COLLECTED MATERIAL.
----------------------------------------
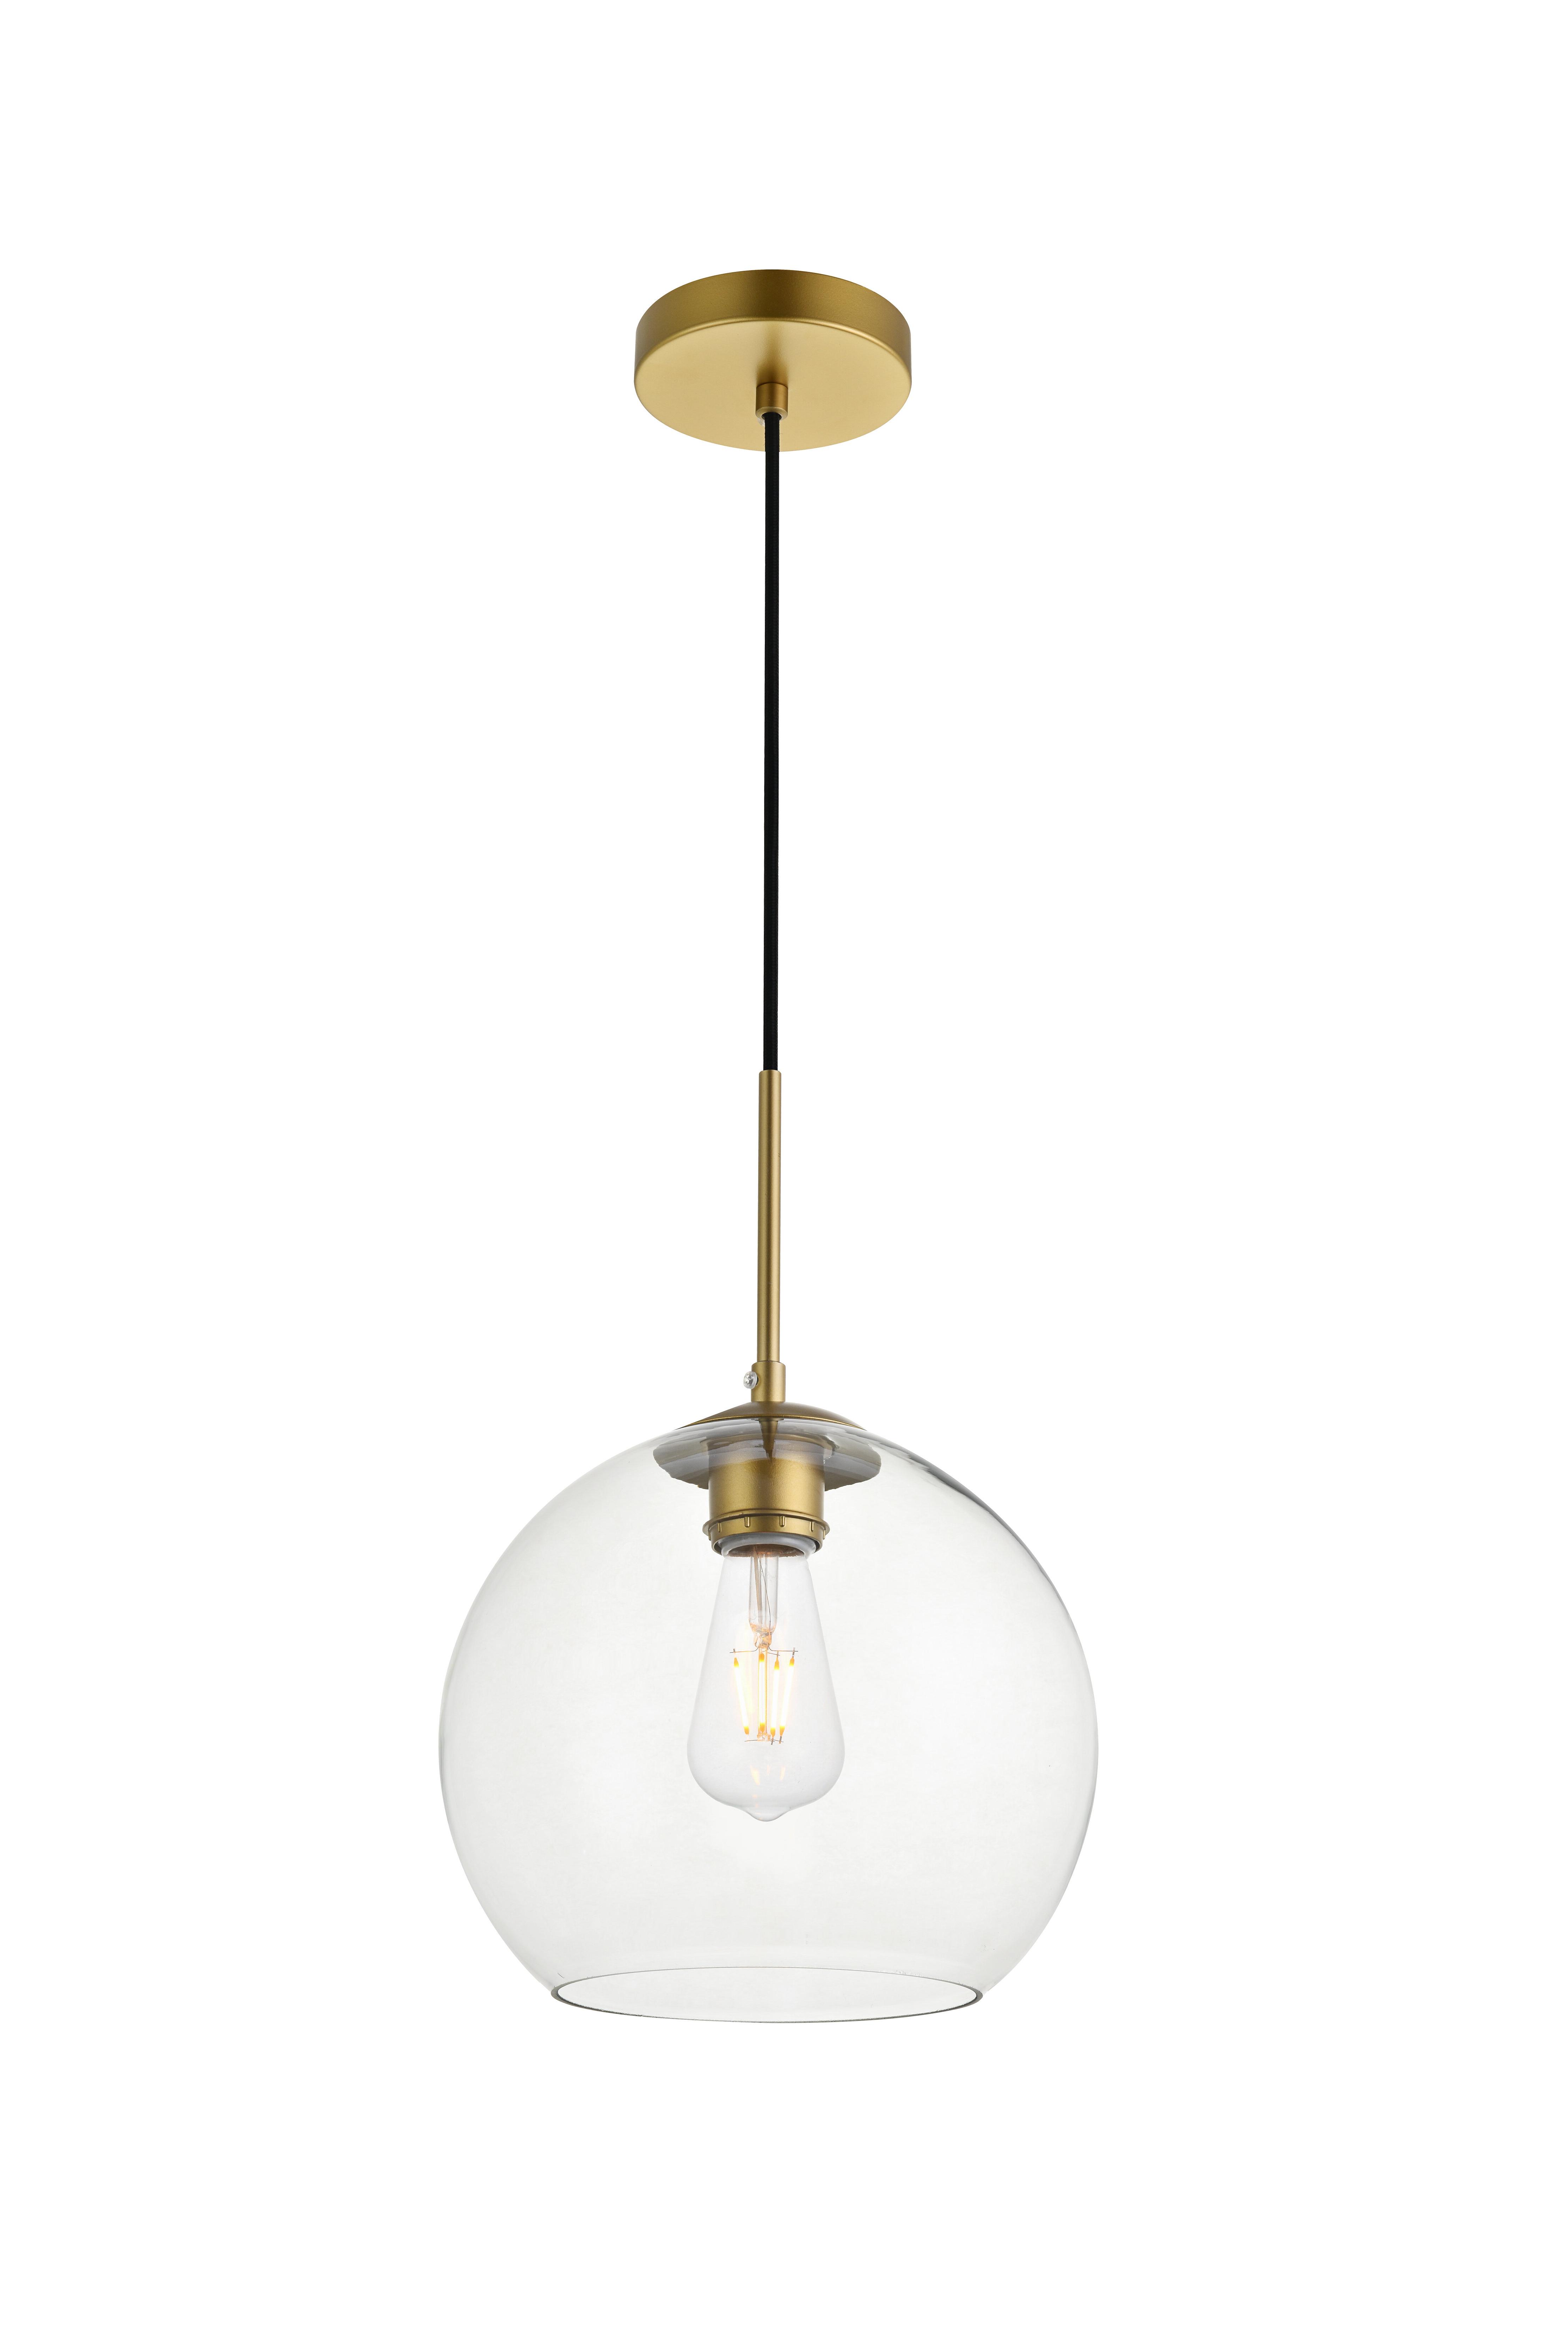 Yearwood 1 Light Single Globe Pendant Throughout Well Known Cayden 1 Light Single Globe Pendants (View 20 of 20)
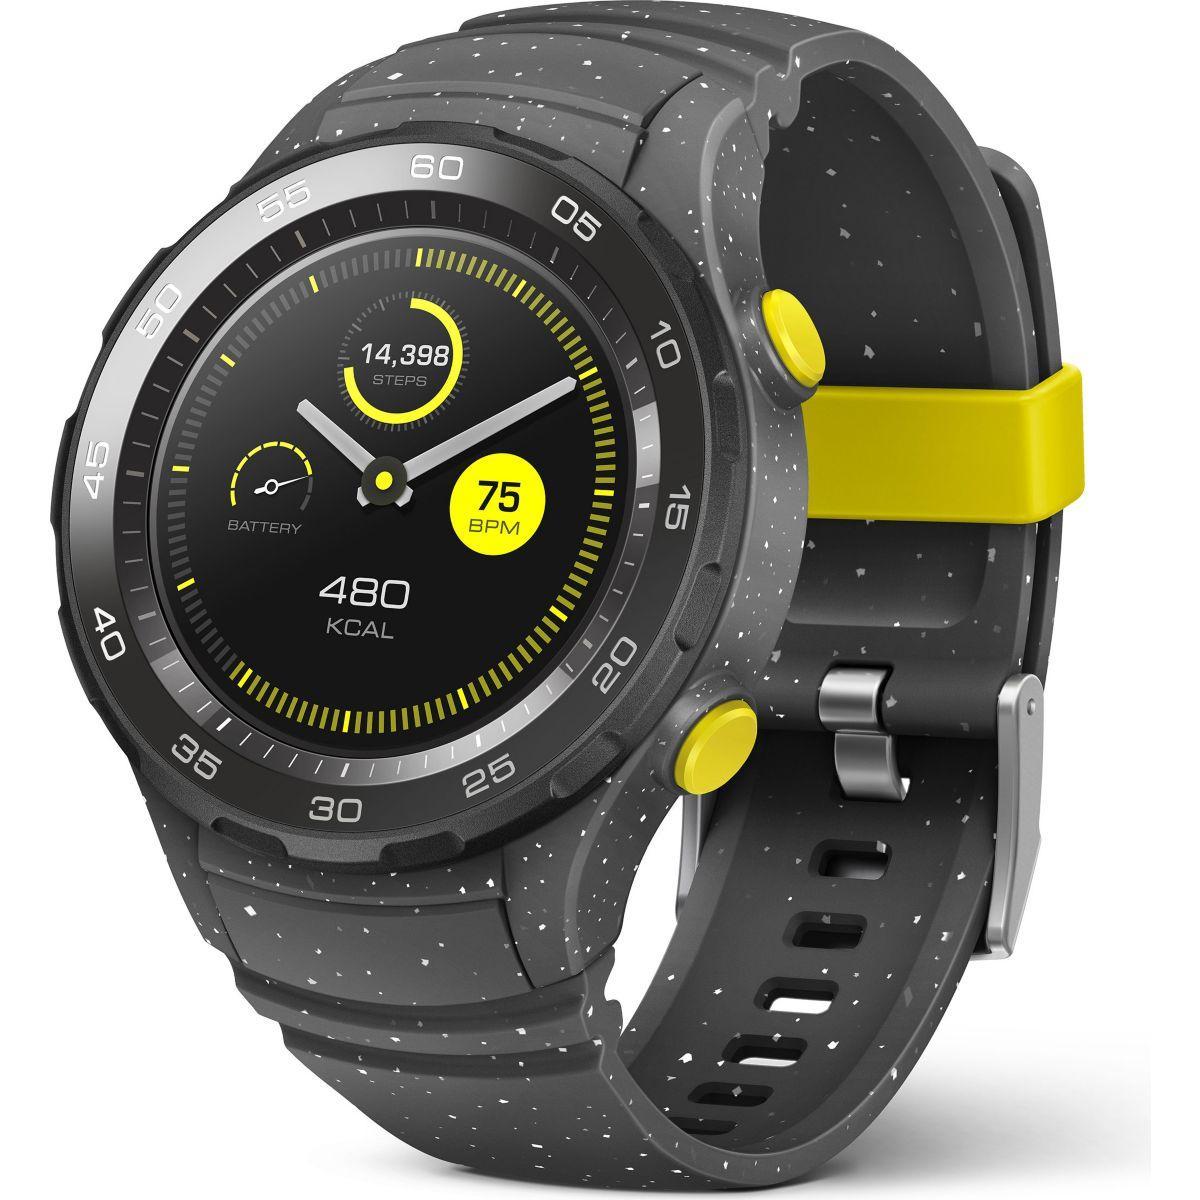 Montre connect�e huawei watch 2 sport gris - livraison offerte : code relay
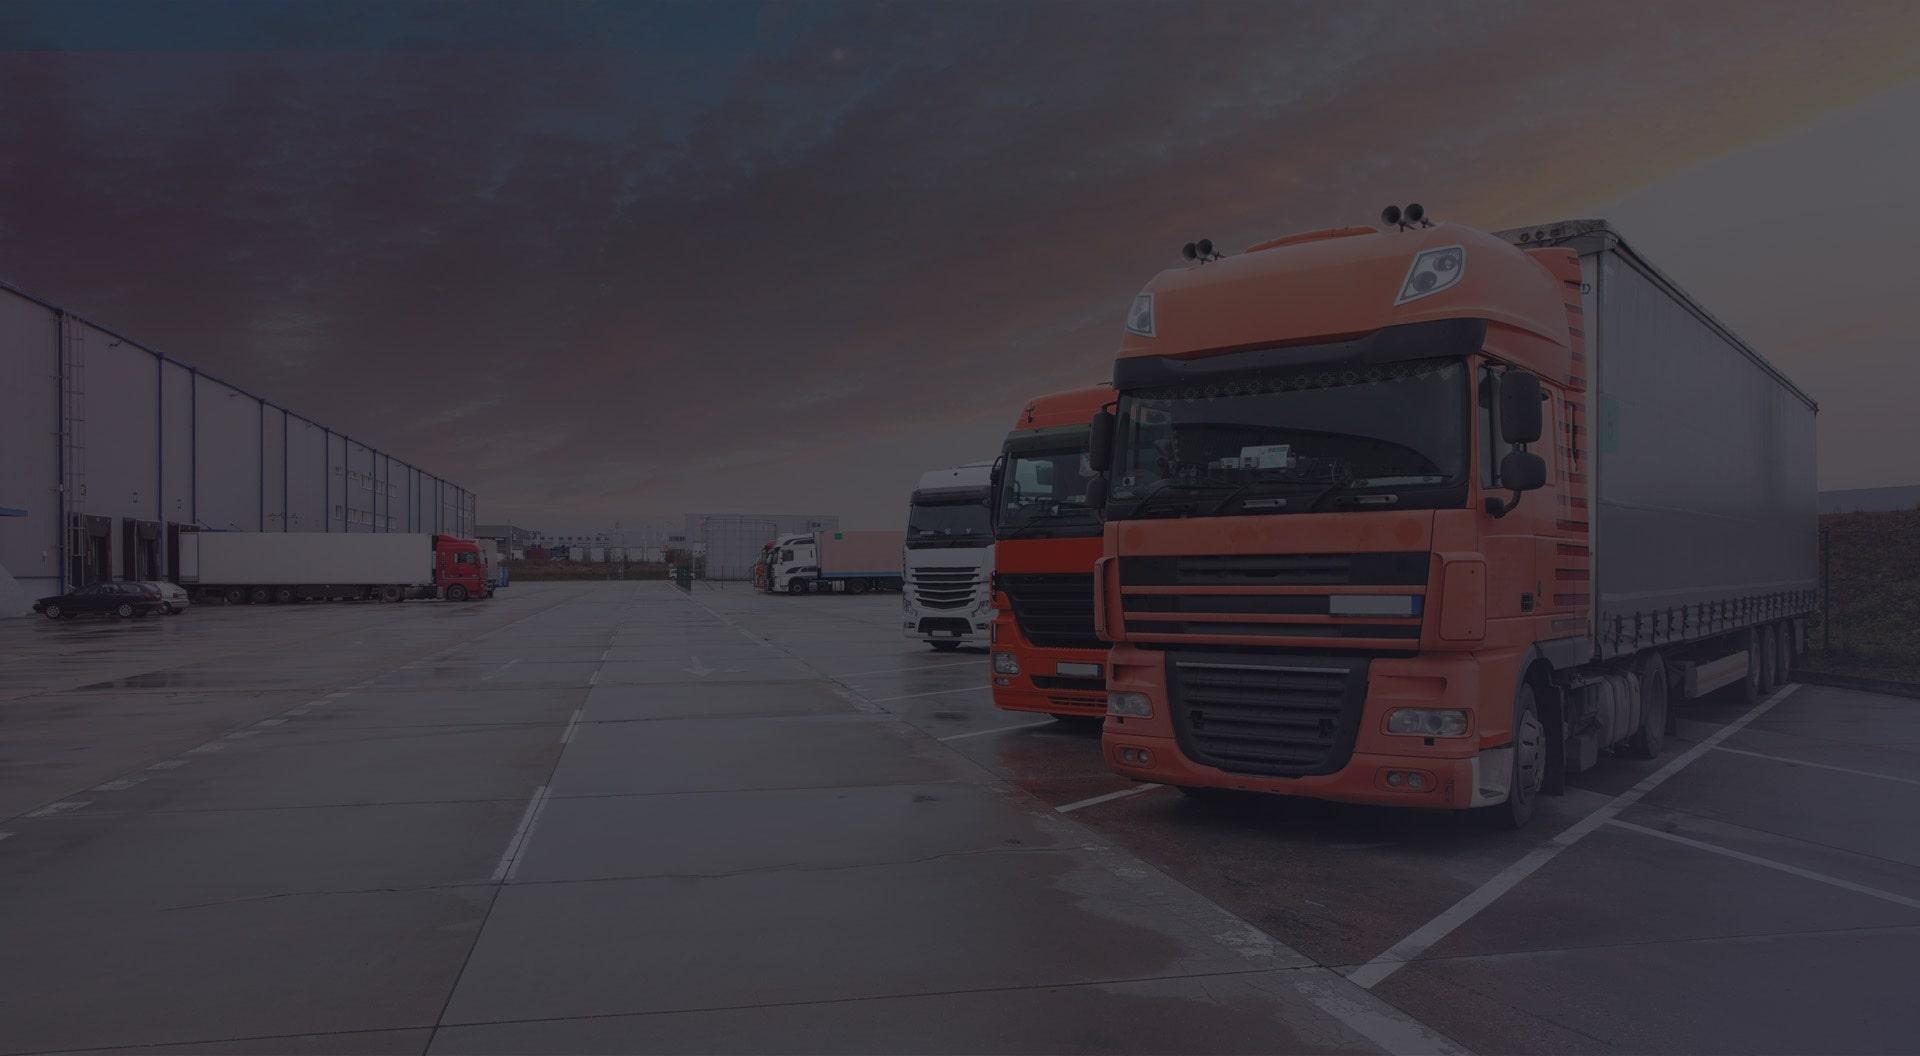 Trasporti stradali - Bertin Srl - Spedizioni internazionali
----------------------------------------
ASSIGNMENT. From the line containing "Montre connect�e huawei" through the last line of the listing, inclusive, transcribe every line exactly and nothing else; the pictures stay out.

RESPONSE TO THE EXERCISE.
 Montre connect�e huawei watch 2 sport gris - livraison offerte : code relay
 Trasporti stradali - Bertin Srl - Spedizioni internazionali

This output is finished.